Let's try our best model on test data.

In [None]:
knn = KNeighborsClassifier(n_neighbors=best_n_neighbours)
knn.fit(X_train, y_train)
print("Test accuracy: %0.3f" % (knn.score(X_test, y_test)))

<br><br>

## More on $k$-NNs [[video](https://youtu.be/IRGbqi5S9gQ)]

### Other useful arguments of `KNeighborsClassifier`

- `weights` $\rightarrow$ When predicting label, you can assign higher weight to the examples which are closer to the query example.  
- Exercise for you: Play around with this argument. Do you get a better validation score?

### Pros of $k$-NNs for supervised learning

- Easy to understand, interpret.
- Simple hyperparameter $k$ (`n_neighbors`) controlling the fundamental tradeoff.
- Can learn very complex functions given enough data.
- **Lazy learning**: Takes no time to `fit`

### Cons of $k$-NNs for supervised learning

- Can be potentially VERY **slow during prediction** time, especially when the training set is very large.
- Often not that great test accuracy compared to the modern approaches.
- It does not work well on datasets with many features or where most feature values are 0 most of the time (sparse datasets).    

***Important***
> For regular $k$-NN for supervised learning (not with sparse matrices), you should scale your features. We'll be looking into it soon.

### Parametric vs non parametric

- You might see a lot of definitions of these terms.
- A simple way to think about this is:
    - *For $n$ samples, do you need to store at least $O(n)$* worth of stuff to make predictions? If so, it's non-parametric.
- **Non-parametric example**: $k$-NN is a classic example of non-parametric models.     

***Note***
> $\mathcal{O}(n)$ is referred to as big $\mathcal{O}$ notation. It tells you how fast an algorithm is or how much storage space it requires. For example, in simple terms, if you have $n$ samples and you need to store them all you can say that the algorithm requires $\mathcal{O}(n)$ worth of stuff.

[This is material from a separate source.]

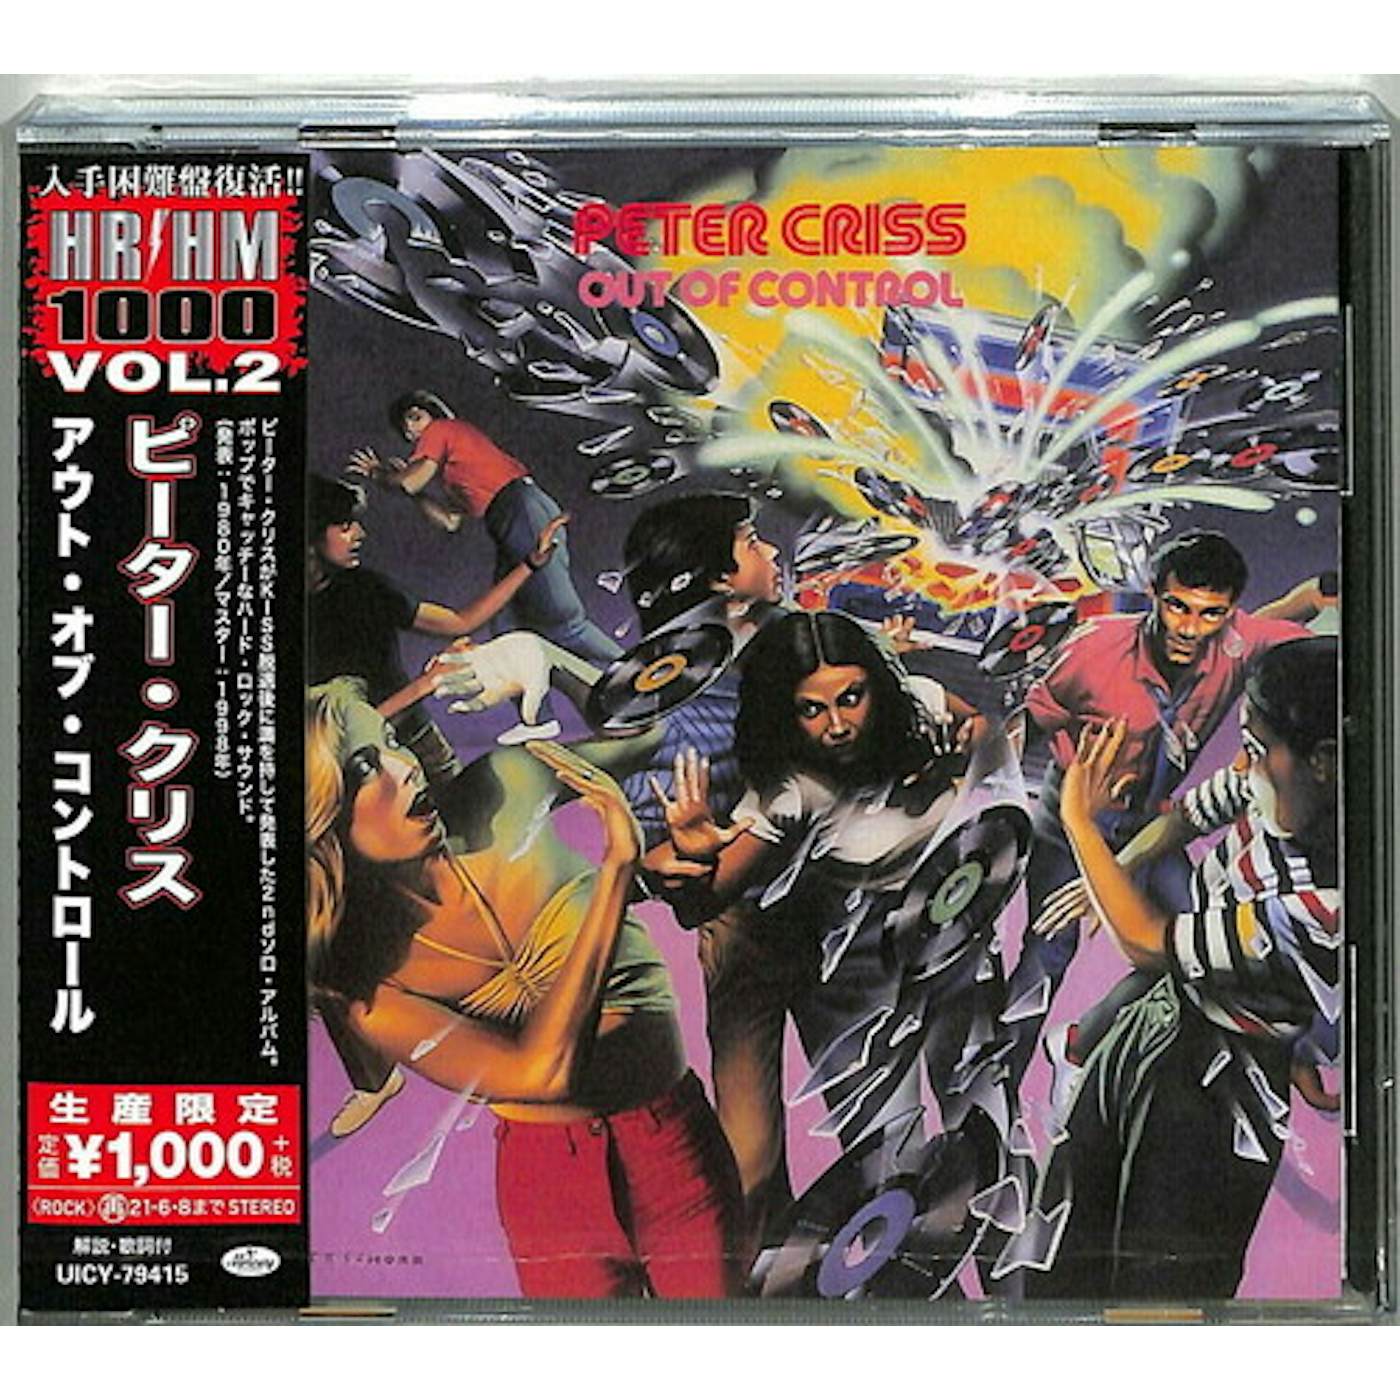 Peter Criss OUT OF CONTROL CD

### Curse of dimensionality

- Affects all learners but especially bad for nearest-neighbour.
- $k$-NN usually works well when the number of dimensions $d$ is small but things fall apart quickly as $d$ goes up.
- If there are **many irrelevant attributes, $k$-NN is hopelessly confused** because all of them contribute to finding similarity between examples.
- With enough irrelevant attributes the accidental similarity swamps out meaningful similarity and $k$-NN is no better than random guessing.  

In [None]:
from sklearn.datasets import make_classification

nfeats_accuracy = {"nfeats": [], "dummy_valid_accuracy": [], "KNN_valid_accuracy": []}
for n_feats in range(4, 2000, 100):
    X, y = make_classification(n_samples=2000, n_features=n_feats, n_classes=2)
    X_train, X_test, y_train, y_test = train_test_split(
        X, y, test_size=0.2, random_state=123
    )
    dummy = DummyClassifier(strategy="most_frequent")
    dummy_scores = cross_validate(dummy, X_train, y_train, return_train_score=True)

    knn = KNeighborsClassifier()
    scores = cross_validate(knn, X_train, y_train, return_train_score=True)
    nfeats_accuracy["nfeats"].append(n_feats)
    nfeats_accuracy["KNN_valid_accuracy"].append(np.mean(scores["test_score"]))
    nfeats_accuracy["dummy_valid_accuracy"].append(np.mean(dummy_scores["test_score"]))

In [None]:
pd.DataFrame(nfeats_accuracy)

In [None]:
pd.DataFrame(nfeats_accuracy).set_index("nfeats").plot();

<br><br>

## Summary

- We have KNNs as new supervised learning techniques in our toolbox.
- These are instance-based learners and the idea is to assign nearby points the same label.
- Can be used for classification or regression.